Stephen Codrington

 

Africa (Mali and Morocco) Travel Diary 2004

Andrew’s and my African adventure began when we touched down in foggy Casablanca (in Morocco) on Tuesday 13th January after the long flight from Los Angeles, via Miami and Madrid.  After a very relaxed clearance through customs and immigration we collected a rental car and began the 300 km drive north-east through Rabat (the capital of Morocco) and then east through Meknès and on to our destination, the ancient city of Fez.  The road was excellent, and in fact much of it was a toll expressway, and the fog cleared as we proceeded east.  Although Di’s back was not great, we didn’t need to stop too often, and our main stop was at a small hill-top town called Moulay Idriss, which is something of a centre of pilgrimage among Moroccan Muslims because of the huge mosque there – they say that five pilgrimages to Moulay Idriss is the equivalent of one haj to Mecca for Moroccans who cannot afford to make the real haj to Mecca.

We parked the car on the edge of Moulay Idriss, because the town itself is impossible for cars, as the ‘streets’ comprise narrow winding laneways that turn into flights of steps.  There is a bit of a sense that visitors are intruding into the locals’ personal space in Moulay Idriss, even though people are friendly enough.  It is impossible to find one’s way through the town without a guide – it is also impossible to make any progress without being hounded by a local person who wants to be your guide, so despite misgivings from Di (she wanted to walk alone, and certainly have to pay some local person) we followed the lead of a local man who spoke some English.  He was excellent, and took up through a winding labyrinth of streets and laneways up the hill to a vantage point from where the mosque and the town could be seen.  The town is divided into two parts, Berber and Arab, and most of our time was spent in the poorer but prettier Berber section, even though our ‘guide’ was Arab.  Another great benefit of having a guide is that the locals stop hassling you to take them as a guide, and I think Di accepted in the end that having him was a good thing, even though she thought I paid him too much for his services.

We were very lucky at Moulay Idriss because during the time we were there the fog, which had returned as we drove up into the hills cleared for the hour or so that we were there.  However, it set in again almost to the minute that we left, so our plans to stop at Volubilis, a huge and well preserved city of Roman ruins just a few kilometres away were abandoned, and we drove on a back road directly to Fez, arriving there a little after dusk.  Our hotel was on a hill overlooking the old town, and we caught a quick glimpse from our rooms as darkness fell over the city.

The hotel did not open its restaurants until 7:30pm to 8:00pm, and as we had not eaten since the morning flight, we decided to drive into the Nouvelle Ville (the newer section of town planned by the French during colonial times) and find somewhere small to eat.  Parking is very tight in that area of town, and many areas are controlled by semi-official protection “guardians”, which made Di a bit anxious about parking there.  We took a while to find somewhere that we all liked (ironically, by which time it was about 8pm!), but we loved the meal we had – Moroccan style soup followed by a main course also in Moroccan style, Di and Andrew having grilled chicken kebabs on rice while I had a thin puff pastry filled ‘cake’ of grilled chicken and finely minced vegetables, the whole thing being dusted in sweet icing sugar and cinnamon.

We were certainly ready for sleep when we returned to the hotel, and we all slept pretty well; indeed we could have done with more. 


Andy (age 12) writes:

Tuesday the 13th of January: I had a connecting flight from Madrid to Casablanca in Morocco.
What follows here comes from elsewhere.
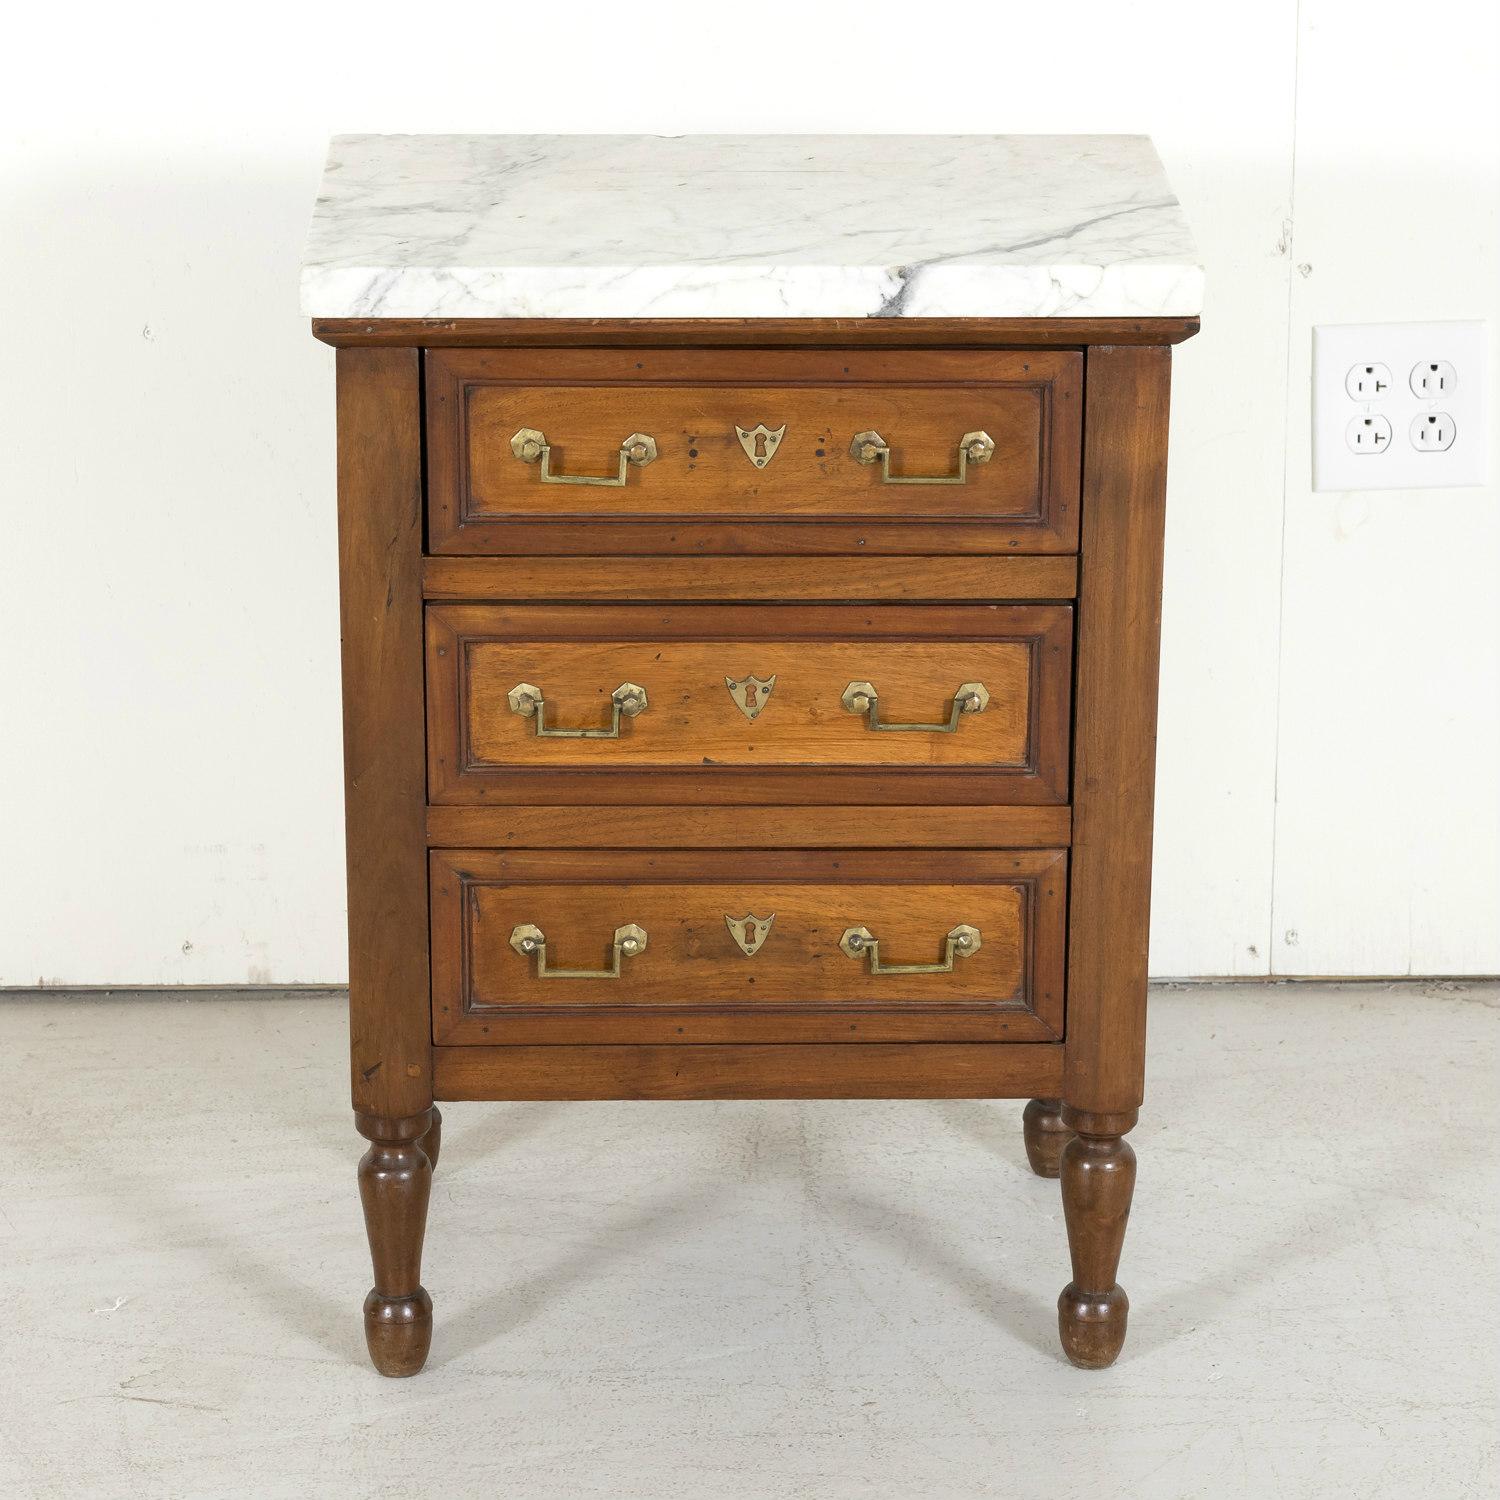 A 19th century French Louis XVI style petite commode handcrafted of walnut near Villeneuve les Avignon in the South of France, circa 1850s. Having a thick rectangular Carrara marble top over three drawers with the original neoclassical drop bail

We got a rental car to Moulay Idriss, which is quite a small town with tiny narrow streets that curve wildly in different directions.  From here we continued our drive to Fez where we stayed in a very nice hotel. That night for dinner, we wandered around the town looking for an authentic meal from a restaurant for dinner. I eventually had Moroccan soup with kebabs and rice. It was pretty nice, but I prefer the Red Rock Noodle Bar or chocolate fondues more! We stayed overnight in our hotel before having a buffet breakfast the following morning there.